The Smart Stick adaptive structure/Smart Stick adaptyvi konstrukcija.
Pilkauskas, K. ; Gaidys, R. ; Lira, C. 等
1. Introduction
Nowadays we observe the development of modern technologies in
different fields such as industrial manufacture, transport, services,
house facilities, public security, space exploration which stimulate the
generation of new conceptual ideas in many fields of engineering. The
field which becomes the basic for different mentioned areas is
mechatronics. The characteristic (basic) components of mechatronic
systems are: actuators, sensors, control systems, interfaces and
materials [1-3]. At present in industrial robotic applications the
oleo-hydraulic pump system mechanisms is mainly actuated by
electromagnetic servo drives. The tendency to use more electro hydraulic
motors is observed as well. However such conventional concept represents
a major bottleneck towards high precision, light weight, flexible and
adaptive component development. The conventional scheme consists of
motors, gears, sensors and numerous connectors. Such architecture makes
the system complicated and expensive to manufacture. An entire new
approach to the robot design, using new types of advanced materials, new
actuators, bioinspired or biomimetic structures seems to be the more
promising way to obtain a reliable mechatronic system.

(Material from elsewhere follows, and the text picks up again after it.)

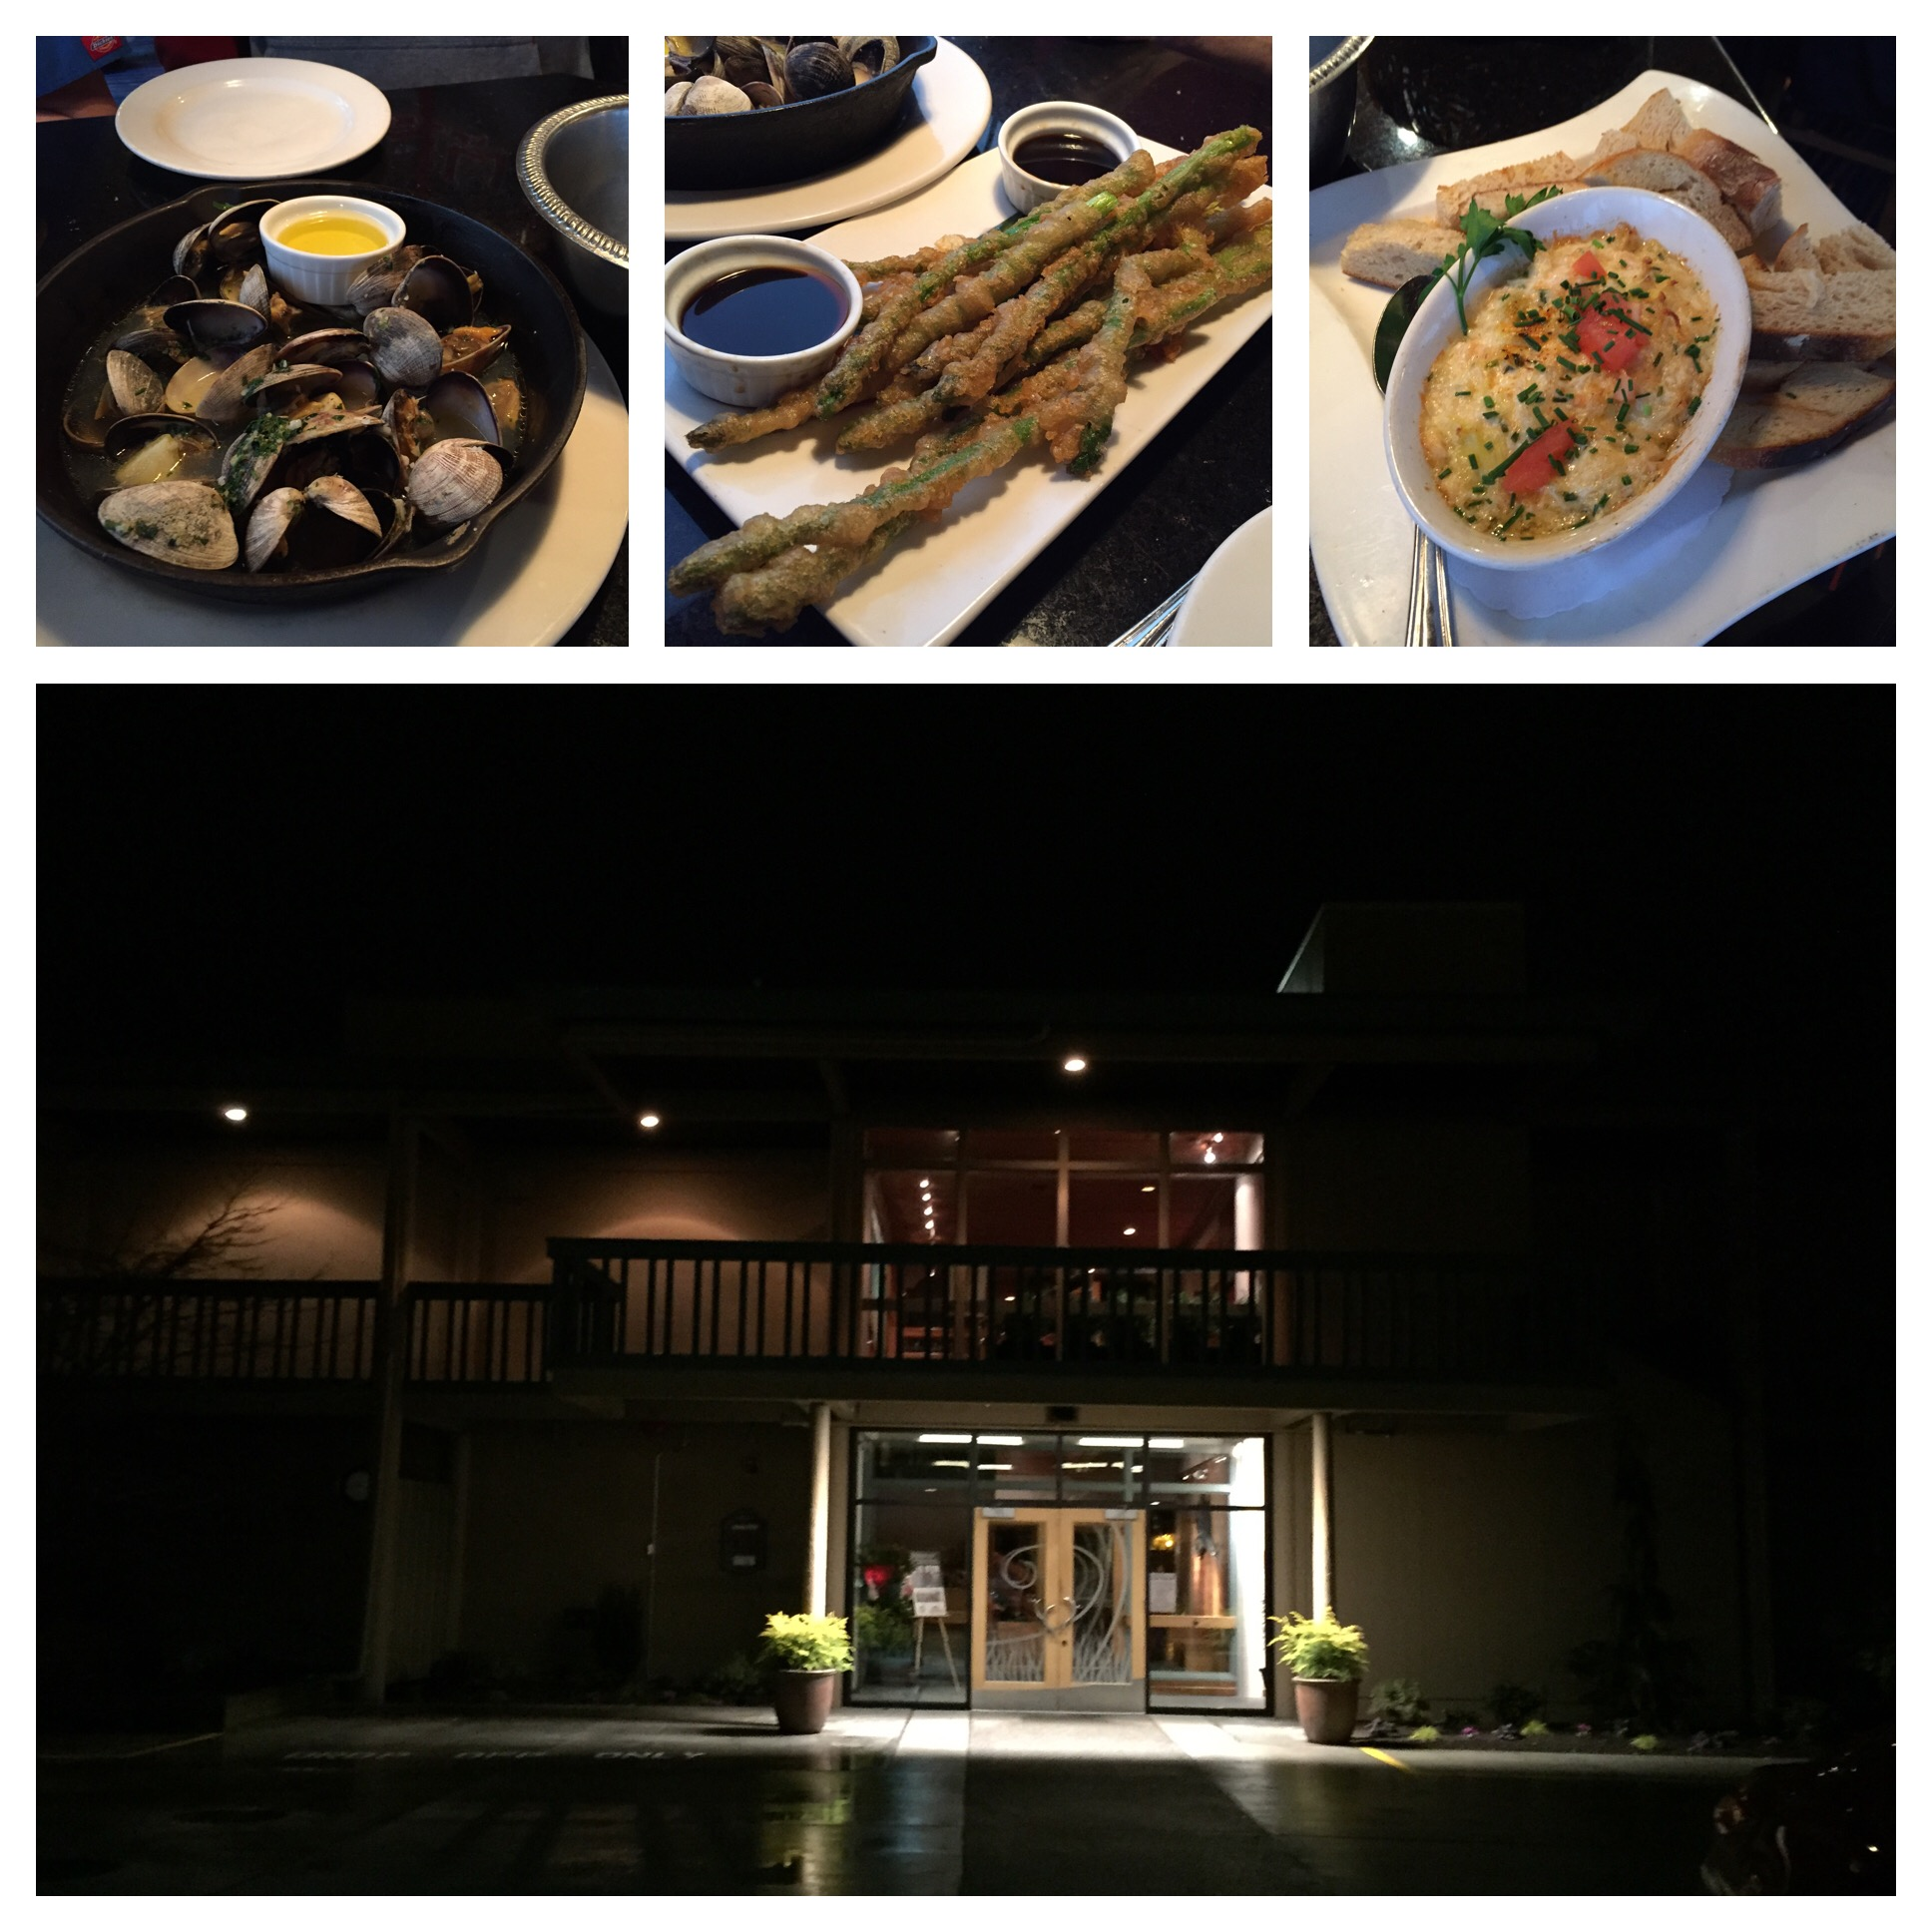 Tons of clams, tempura asparagus and artichoke dip - all delicious!
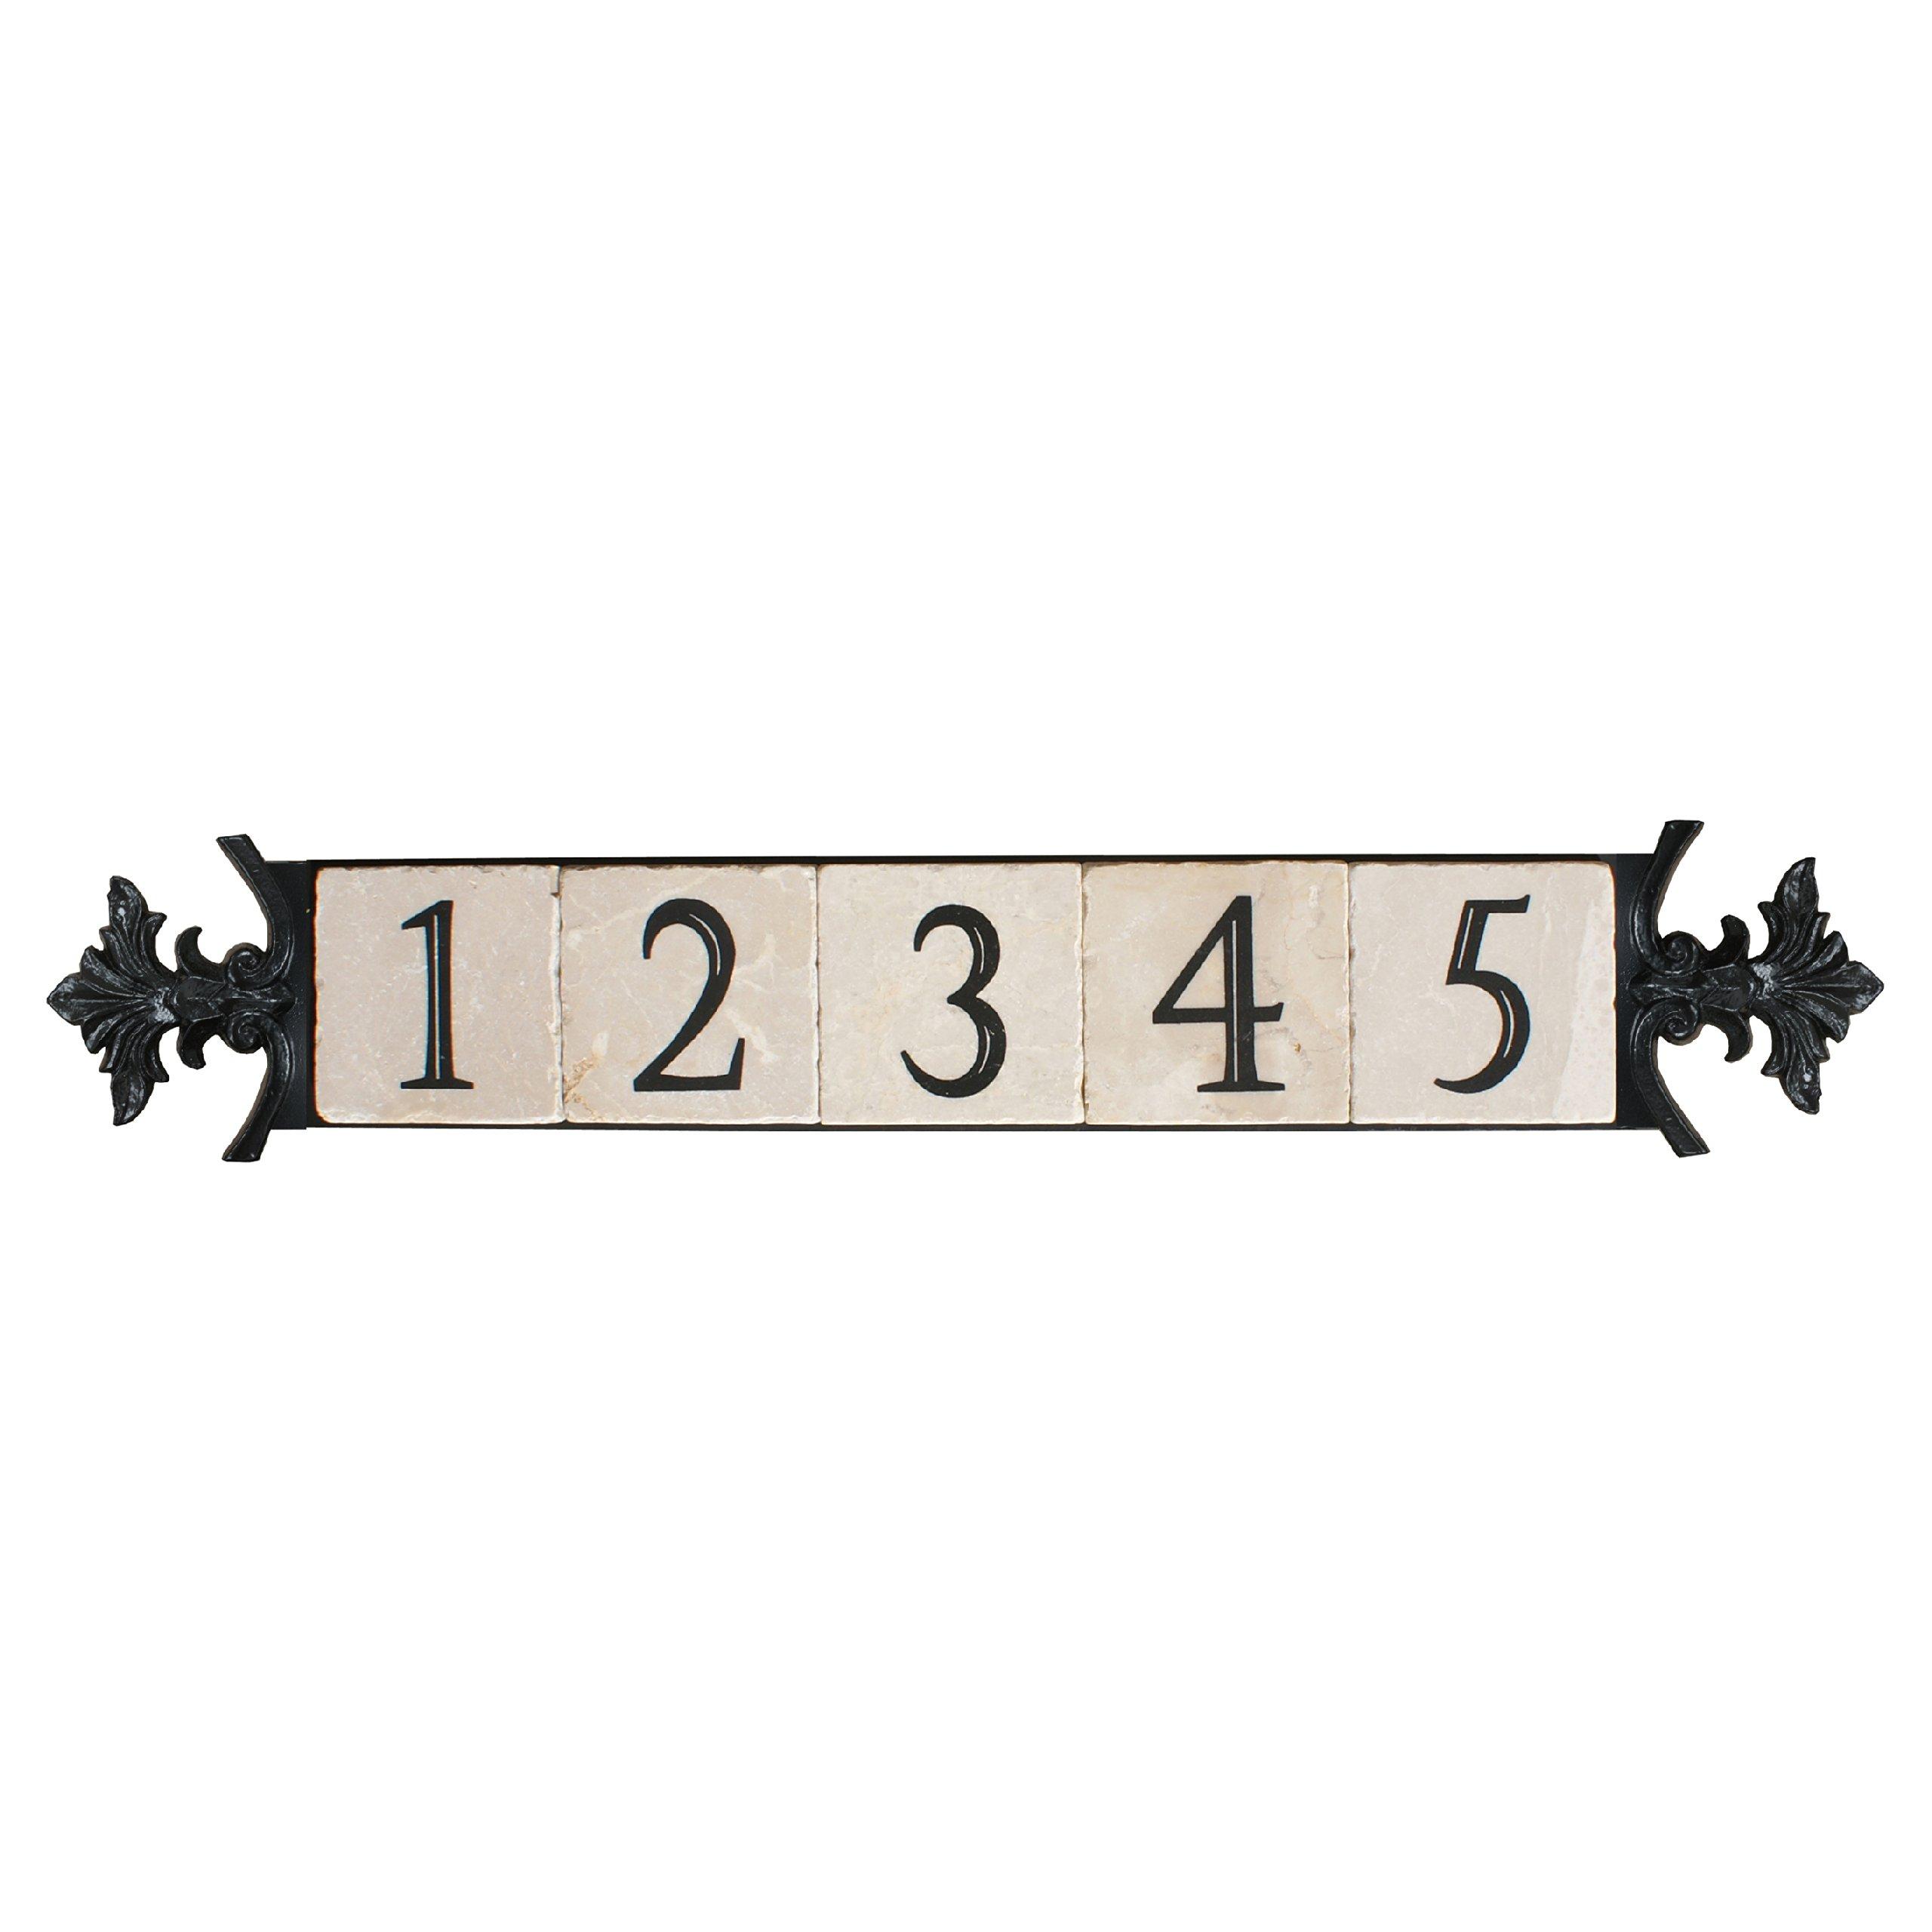 NACH KA House Address Sign/Plaque - Small Crest, 5 Numbers, Iron, 28 x 5 x 1''

Efforts to build precision mechanisms based on elastically deformed
frames, elastically hinged structures with the features of mechanical
advantages (displacement amplification) results in promising structures
for precision engineering [4]. Their integration with micro fluidic
systems or basically micro fluidic actuation, as well as active material
actuated systems seems to be perspective way for micro mechatronic
systems development [5, 6].
With the aim to obtain adaptive structures with the distributed
compliance numerous research attempts are made to develop actuators the
functioning features of which mimics biological muscles. Mainly they can
be classified into two major groups: actuators based on fluidic
principles of operation and actuators based on electro-active polymers.
[FIGURE 1 OMITTED]
One of the first well known results in the development of actuators
based on fluidic principle is the McKibben Artificial Muscle [7] which
contracts like a real muscle developing axial force when pressure is
supplied. Its application for robot arm and leg articulation is reported
in [8]. The novel type of actuator which consists of two rigid links
joined by rotational hinge and inflatable ball placed between them can
be used for an ultra light anthropomorphic hand development. The
application of fluidic actuator is reported as well in variable
structure fabric--the fabric which can change shape or mechanical
parameters (stiffness) when actuated [9, 10]. The current research aims
to investigate the interaction process of a mini pipe and rigid U-shaped
link which serves as a structural unit (or brick) for constructing the
adaptive structure "Smart Stick" both at the stage of mini
pipe insertion and the operation stage when the mini pipe is inflated
using external pressure source.
2. Mechanical design of the module
Mechanical part of the structure under investigation consists of a
number of periodically arranged in longitudinal direction U-shaped
structural elements (Fig. 1) manufactured of high elasticity material
(e.g. alloyed steel).
The two basic arrangements with the functioning of both of them
based on the same operational principle are developed for the
investigation (Fig. 2, a, b). The first embodiment employs U-shaped
member (link) considered as absolutely rigid body which is rigidly fixed
on a foil considered as elastic element in a series manner. A single
tube inserted in between the members (links) acts as a fluidic actuator
which when inflated expands causing angular displacement of one element
with respect to another. Total motion (displacement) of the whole
"Smart Stick" is the resultant (sum) of angular displacements
of all the structural units (U-shaped spacer--tube--U-shaped spacer).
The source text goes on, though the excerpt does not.